Cumbria, memories are not made of this
There is comfort for the survivors of the Cumbrian shootings. that comfort is to be found in the West Berkshire town of Hungerford.
Twenty three years ago Michael Ryan went on a very similar shooting rampage to last week’s madness perpetrated by Derrick Bird.
Ryan, Like Bird, shot dead a close relative, in his case his mother. Like Bird, most of Ryan’s victims were shot at random – besides the courageous policeman who tried to apprehend him in Hungerford itself.
Soon after the Hungerford massacre, I began to rent a weekend cottage in a nearby hamlet.
Oddly, in moving into the area and depending upon the town for my supplies, I never remember specifically associating the town with the murders.
I do remember deliberately diverting to drive past the John of Gaunt School where Ryan met his end.

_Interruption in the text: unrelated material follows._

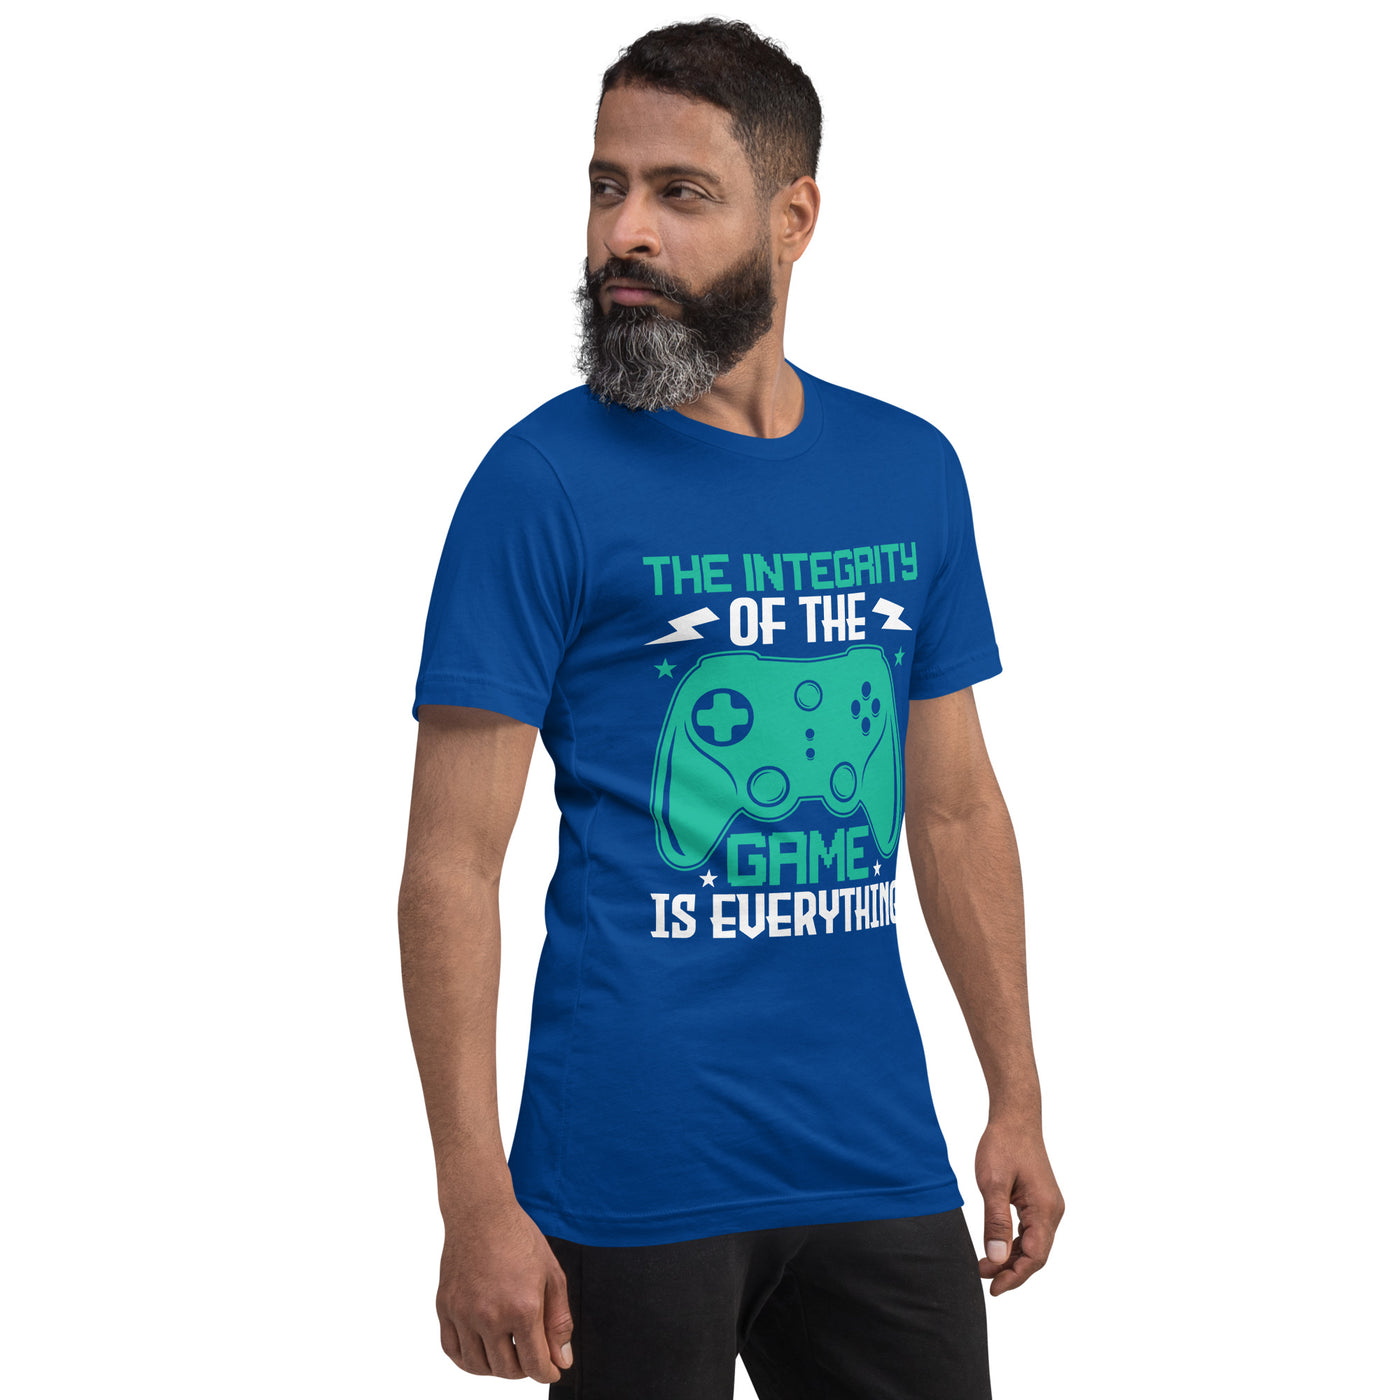 The Integrity of The Game is Everything (Swarna) - Unisex t-shirt
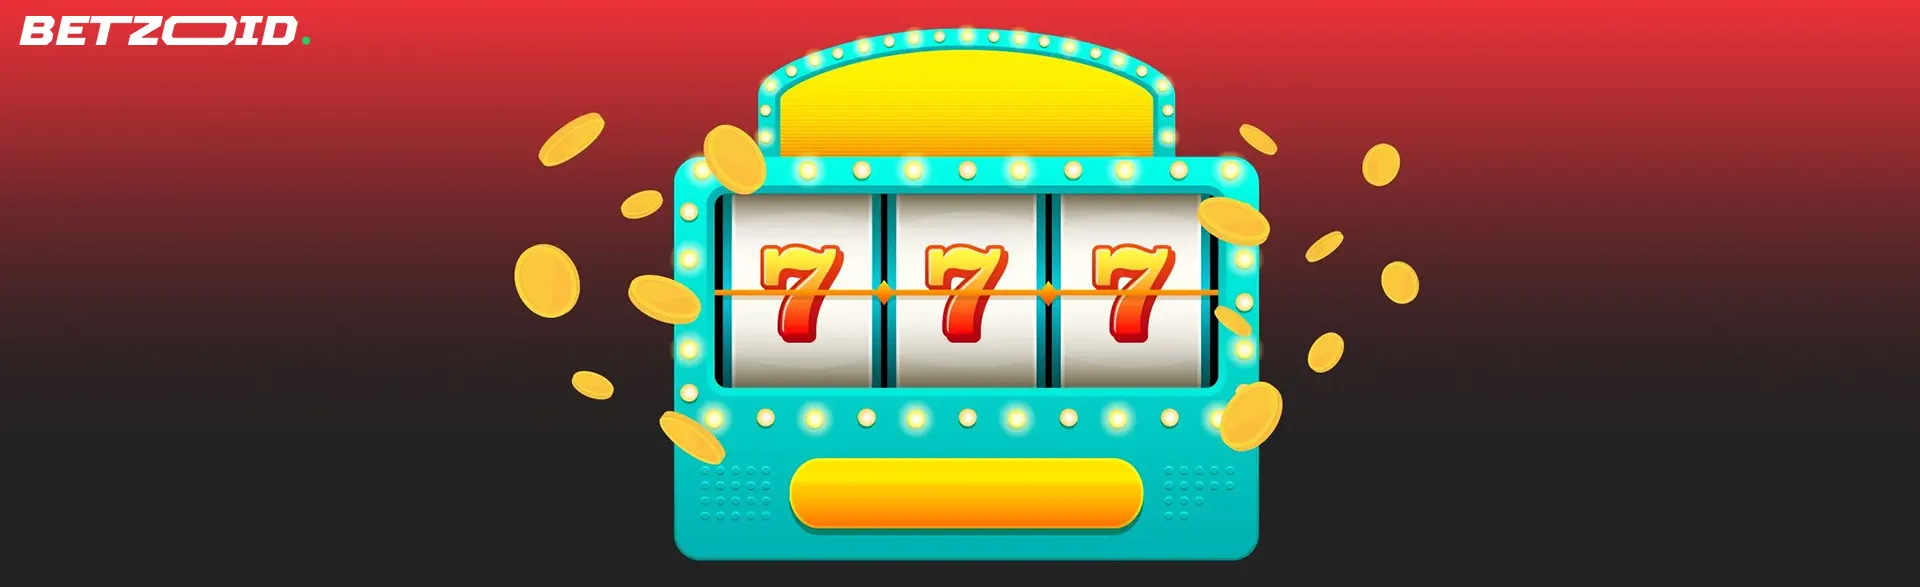 Free spins with no deposit on Canadian casino slot machine.

I wanted to see where it happened and to see if there was any mark or memorial there – there wasn’t.
Since then, over two decades, until last week, I had never again thought ‘Hungerford – mass murder’.
On Friday I was in the Co-op in Hungerford buying milk. Nothing, no signal of awareness either in me or anyone else.
I have had to work hard to reconnect the town I know, and the area I spend so much time in, with the horror of August 1987.
Cumbria, you recover, it’s a fact. It’s hard to imagine it in the moment of your sorrow, but you do.
A few months back the Cumbrian Tourist Authority wrote to me to ask if I would paint a small water colour on a post card they enclosed.
The idea was for people to make art to encourage people to return after the appalling winter floods centred on Cockermouth.
I painted a water colour of an imagined scene thought the kitchen window of friends who live on the edge of the Pennine hills.
If I am honest, my memory of Cumbria, beyond staying with my friends there is of flying over the county is a light aircraft – seeing the smoke of funeral pyres spiralling into the upper atmosphere.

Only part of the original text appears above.